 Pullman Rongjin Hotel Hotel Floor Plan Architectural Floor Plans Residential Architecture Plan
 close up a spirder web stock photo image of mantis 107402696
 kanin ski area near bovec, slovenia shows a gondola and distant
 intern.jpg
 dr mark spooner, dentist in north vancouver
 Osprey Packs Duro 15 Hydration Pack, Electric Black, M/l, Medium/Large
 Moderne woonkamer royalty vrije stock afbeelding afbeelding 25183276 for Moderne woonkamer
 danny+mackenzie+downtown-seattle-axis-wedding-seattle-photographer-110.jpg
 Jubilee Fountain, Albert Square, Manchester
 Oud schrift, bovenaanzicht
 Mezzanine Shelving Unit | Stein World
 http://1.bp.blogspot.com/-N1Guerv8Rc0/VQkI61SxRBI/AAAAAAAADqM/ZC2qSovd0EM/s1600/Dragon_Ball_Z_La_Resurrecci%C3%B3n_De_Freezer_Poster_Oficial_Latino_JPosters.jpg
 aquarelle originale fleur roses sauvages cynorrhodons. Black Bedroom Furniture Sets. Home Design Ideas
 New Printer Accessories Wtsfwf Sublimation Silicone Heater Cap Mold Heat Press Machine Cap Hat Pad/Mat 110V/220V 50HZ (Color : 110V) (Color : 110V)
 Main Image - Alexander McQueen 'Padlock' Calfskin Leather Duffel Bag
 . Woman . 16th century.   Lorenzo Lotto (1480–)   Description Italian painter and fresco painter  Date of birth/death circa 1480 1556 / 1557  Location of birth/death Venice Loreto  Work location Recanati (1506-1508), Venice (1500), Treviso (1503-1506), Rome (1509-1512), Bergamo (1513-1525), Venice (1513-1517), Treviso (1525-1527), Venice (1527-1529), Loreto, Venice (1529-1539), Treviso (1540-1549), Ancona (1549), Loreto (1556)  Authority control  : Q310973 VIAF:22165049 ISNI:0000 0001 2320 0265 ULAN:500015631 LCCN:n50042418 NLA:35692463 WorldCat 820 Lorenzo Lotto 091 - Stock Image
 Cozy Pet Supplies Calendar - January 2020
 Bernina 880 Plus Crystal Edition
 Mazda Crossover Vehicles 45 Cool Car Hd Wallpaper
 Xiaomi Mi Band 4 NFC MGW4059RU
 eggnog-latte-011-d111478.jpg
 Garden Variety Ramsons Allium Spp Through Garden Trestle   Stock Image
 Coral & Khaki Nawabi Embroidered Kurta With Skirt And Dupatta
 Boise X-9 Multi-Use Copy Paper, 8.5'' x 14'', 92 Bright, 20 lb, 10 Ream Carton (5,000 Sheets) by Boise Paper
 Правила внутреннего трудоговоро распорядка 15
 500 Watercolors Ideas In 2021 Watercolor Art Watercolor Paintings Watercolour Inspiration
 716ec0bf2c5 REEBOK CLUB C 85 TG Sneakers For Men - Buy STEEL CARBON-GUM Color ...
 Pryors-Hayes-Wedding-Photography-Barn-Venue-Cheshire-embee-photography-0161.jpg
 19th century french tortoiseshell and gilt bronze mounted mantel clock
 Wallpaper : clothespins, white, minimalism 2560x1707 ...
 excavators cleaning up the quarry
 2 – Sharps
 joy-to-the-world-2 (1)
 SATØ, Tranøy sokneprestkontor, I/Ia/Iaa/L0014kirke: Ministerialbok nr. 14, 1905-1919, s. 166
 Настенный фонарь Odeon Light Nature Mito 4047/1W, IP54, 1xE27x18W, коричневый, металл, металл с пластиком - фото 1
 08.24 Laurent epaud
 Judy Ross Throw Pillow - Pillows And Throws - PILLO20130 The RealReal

++++++++

EXERCISE:
Write out exactly the lines that run from the one containing "Wallpaper : clothespins, white, minimalism" to the end of the records, both end lines included.

ANSWER SECTION:
 Wallpaper : clothespins, white, minimalism 2560x1707 ...
 excavators cleaning up the quarry
 2 – Sharps
 joy-to-the-world-2 (1)
 SATØ, Tranøy sokneprestkontor, I/Ia/Iaa/L0014kirke: Ministerialbok nr. 14, 1905-1919, s. 166
 Настенный фонарь Odeon Light Nature Mito 4047/1W, IP54, 1xE27x18W, коричневый, металл, металл с пластиком - фото 1
 08.24 Laurent epaud
 Judy Ross Throw Pillow - Pillows And Throws - PILLO20130 The RealReal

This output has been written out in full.